ACTIVITY:
Return the whole listing, line for line, without the pictures in it.

SUPPLIED INFORMATION:

::::::

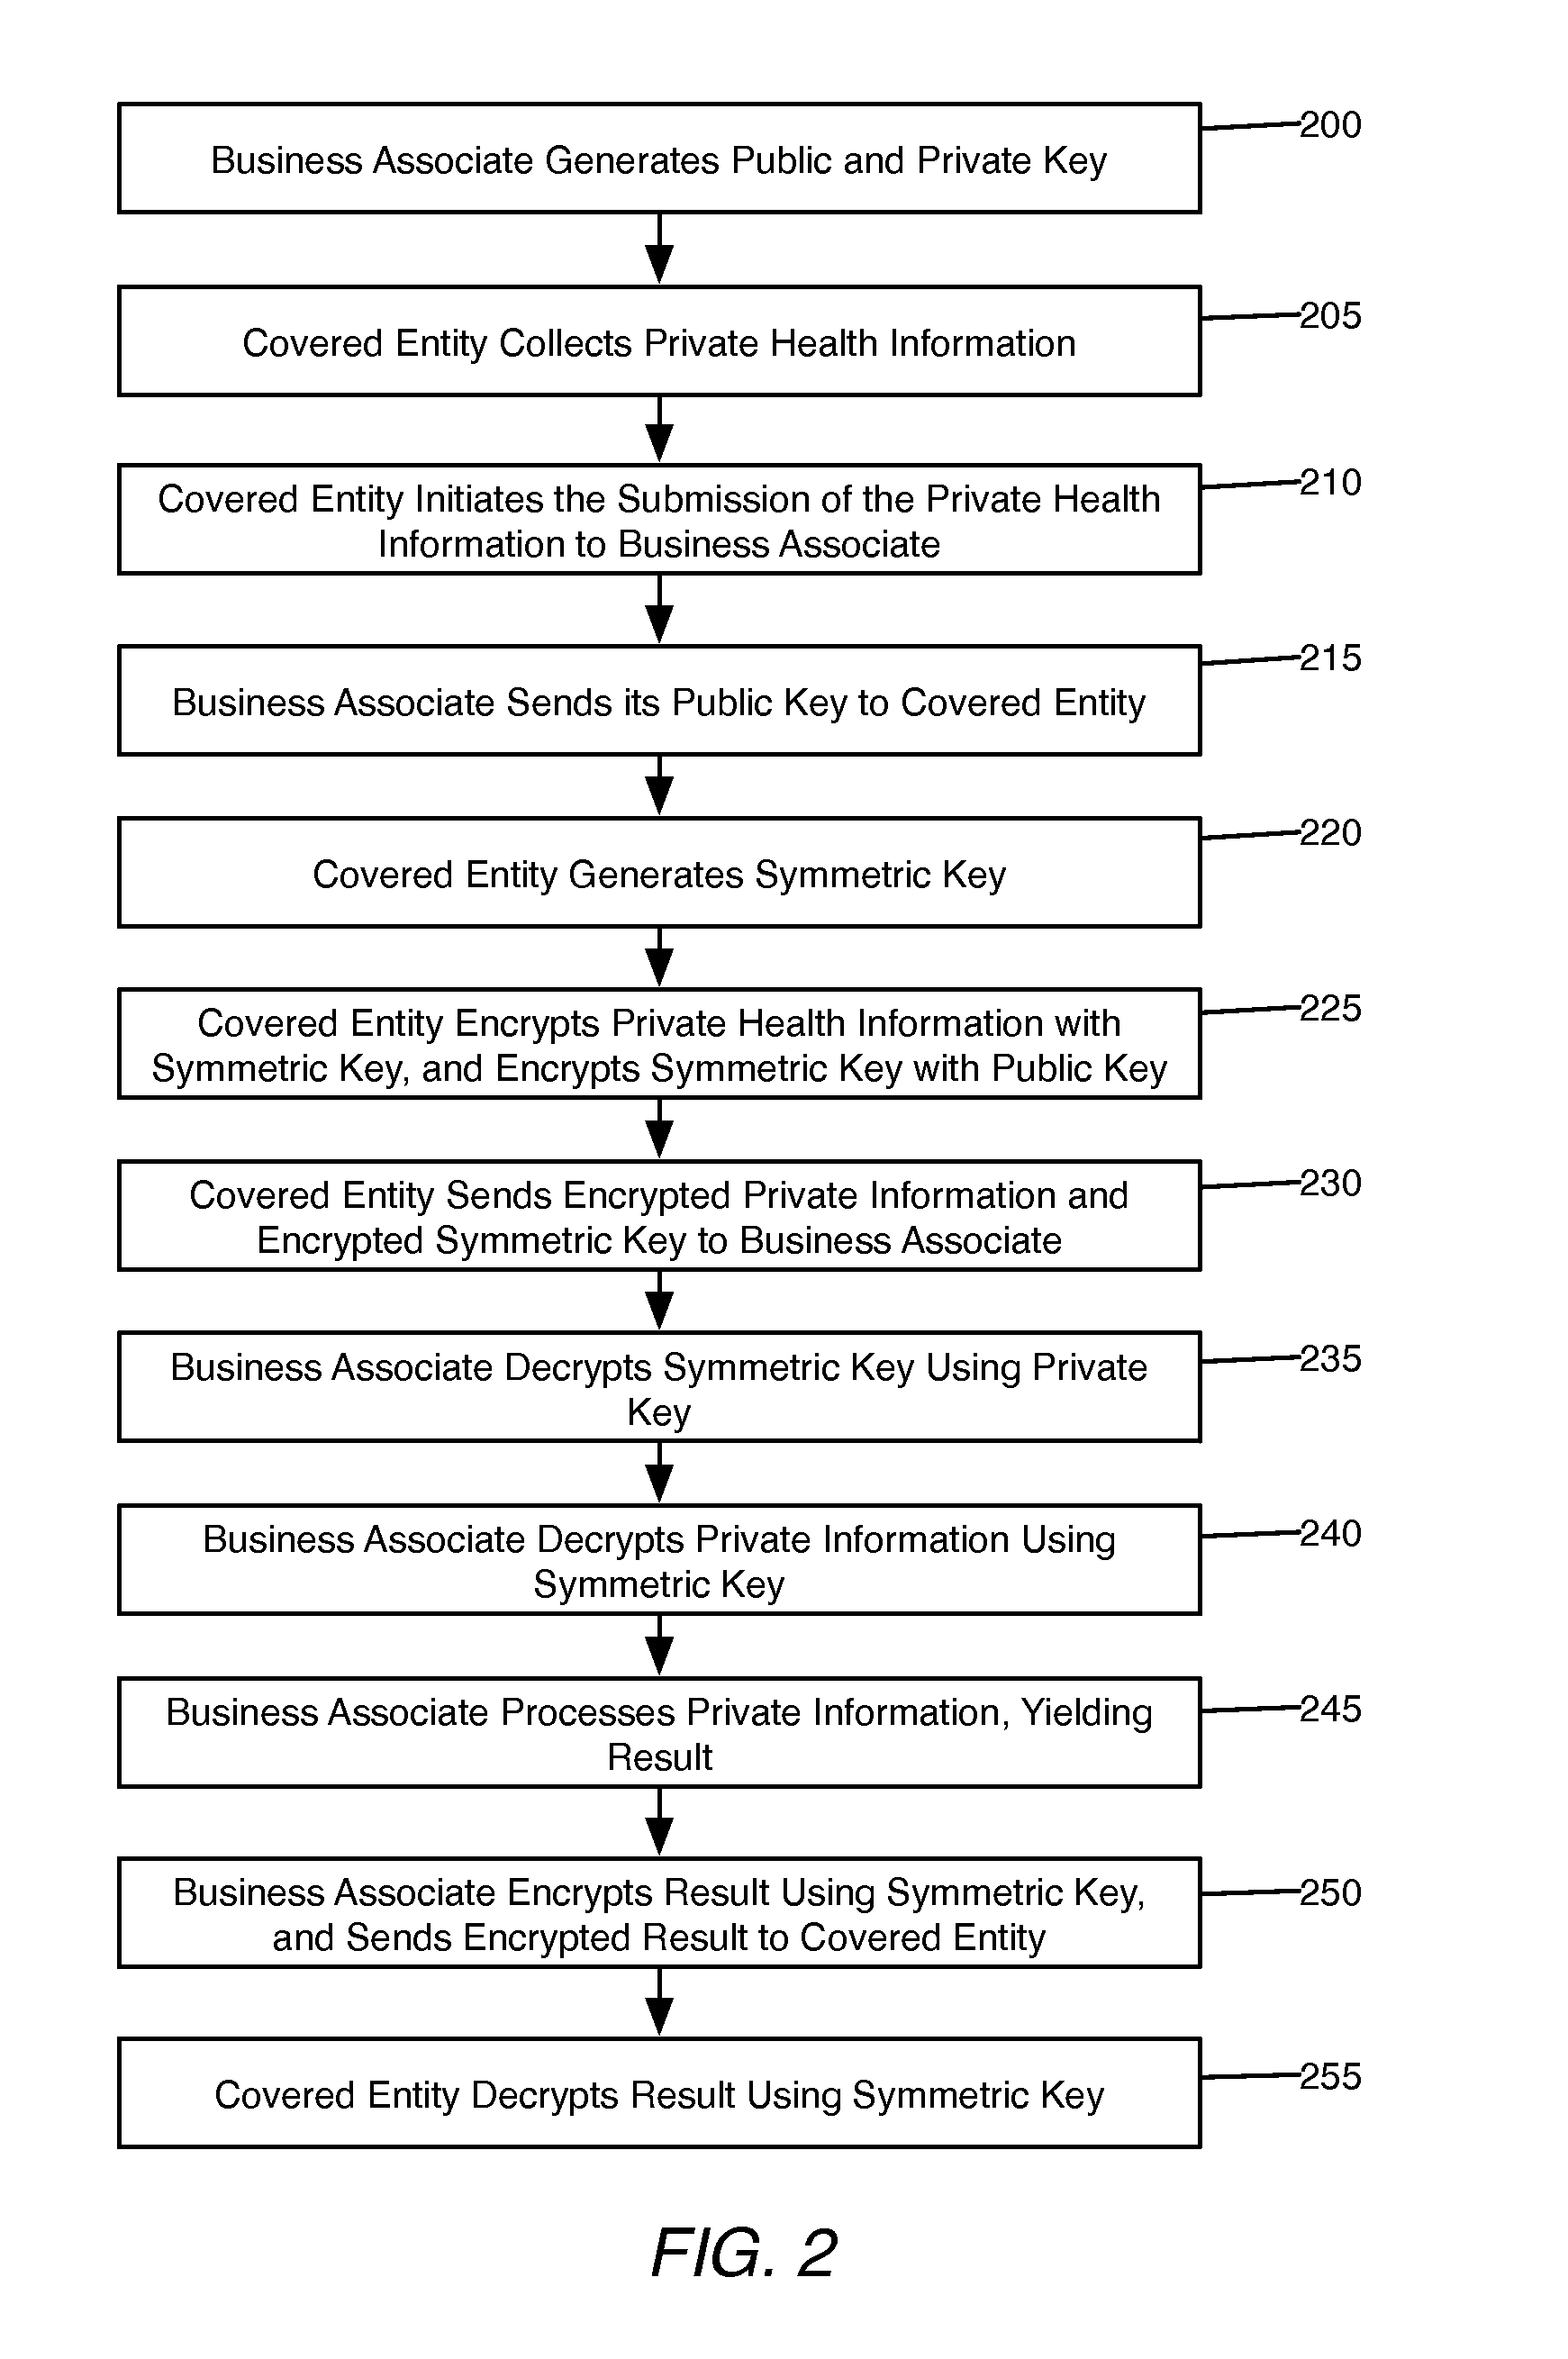 System and Method of Securing Private Health Information
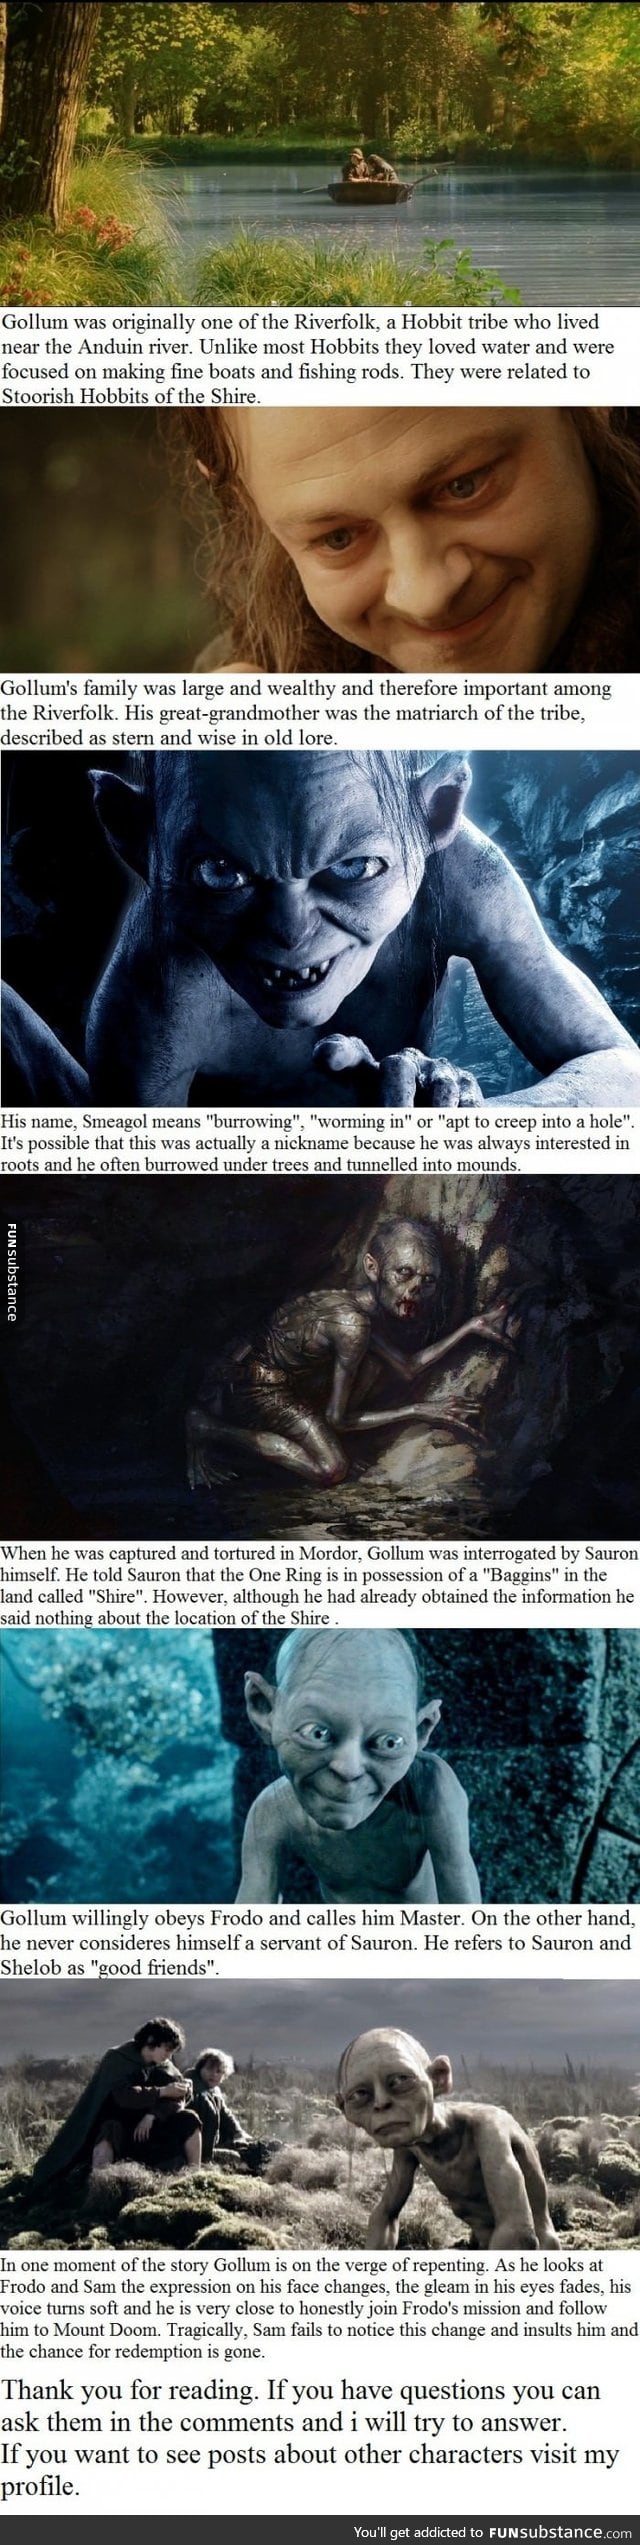 6 Gollum facts you may not have known
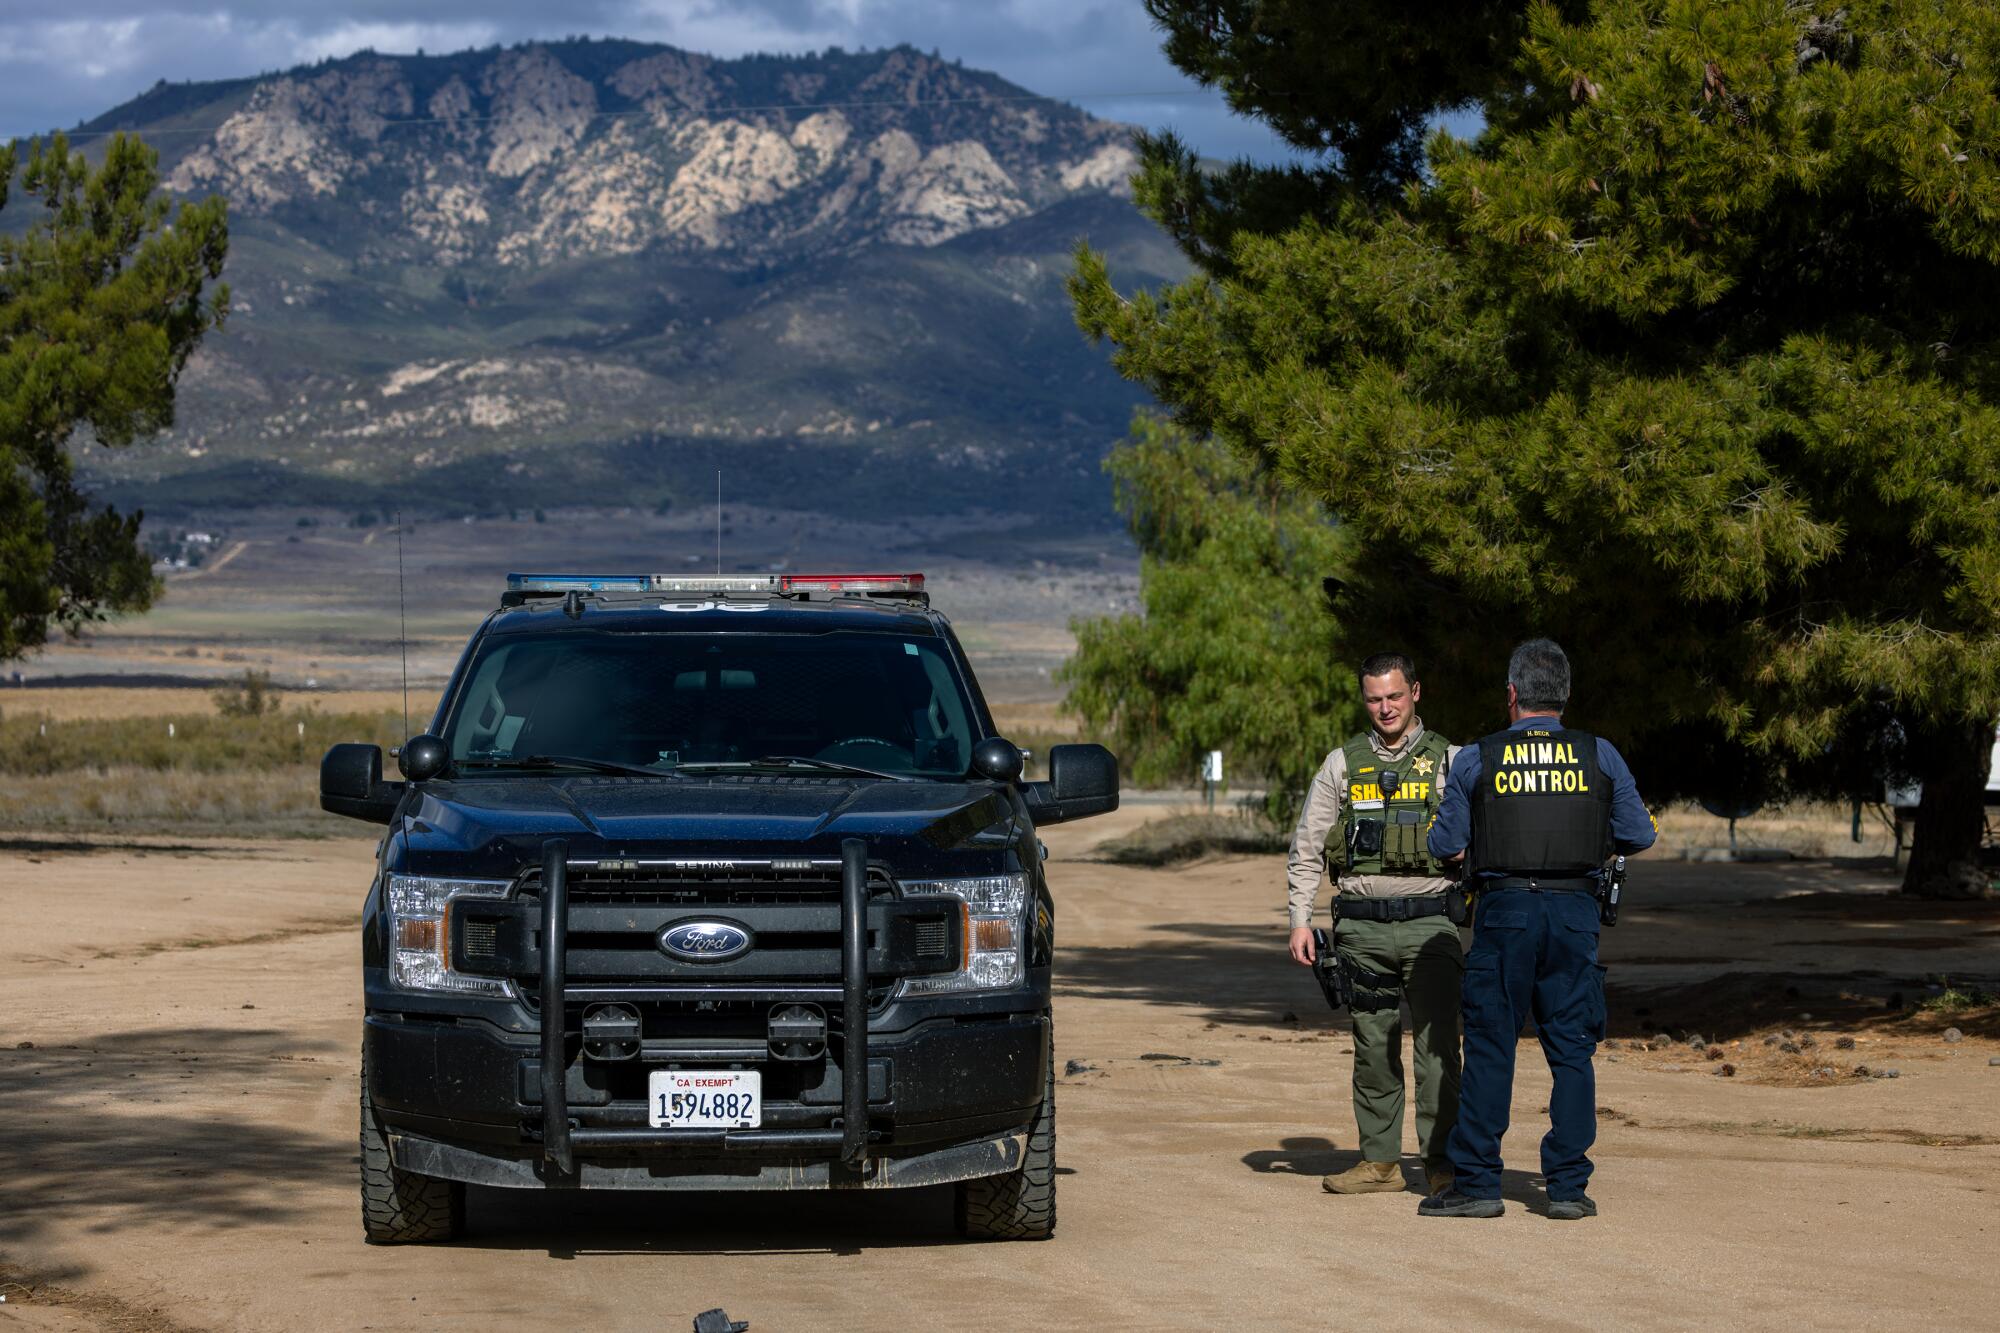 An animal control officer and a sheriff's deputy stand beside a cruiser as a mountain rises in the background.

::::::

REPLY:
 System and Method of Securing Private Health Information
 6 Gollum facts you may not have known
 An animal control officer and a sheriff's deputy stand beside a cruiser as a mountain rises in the background.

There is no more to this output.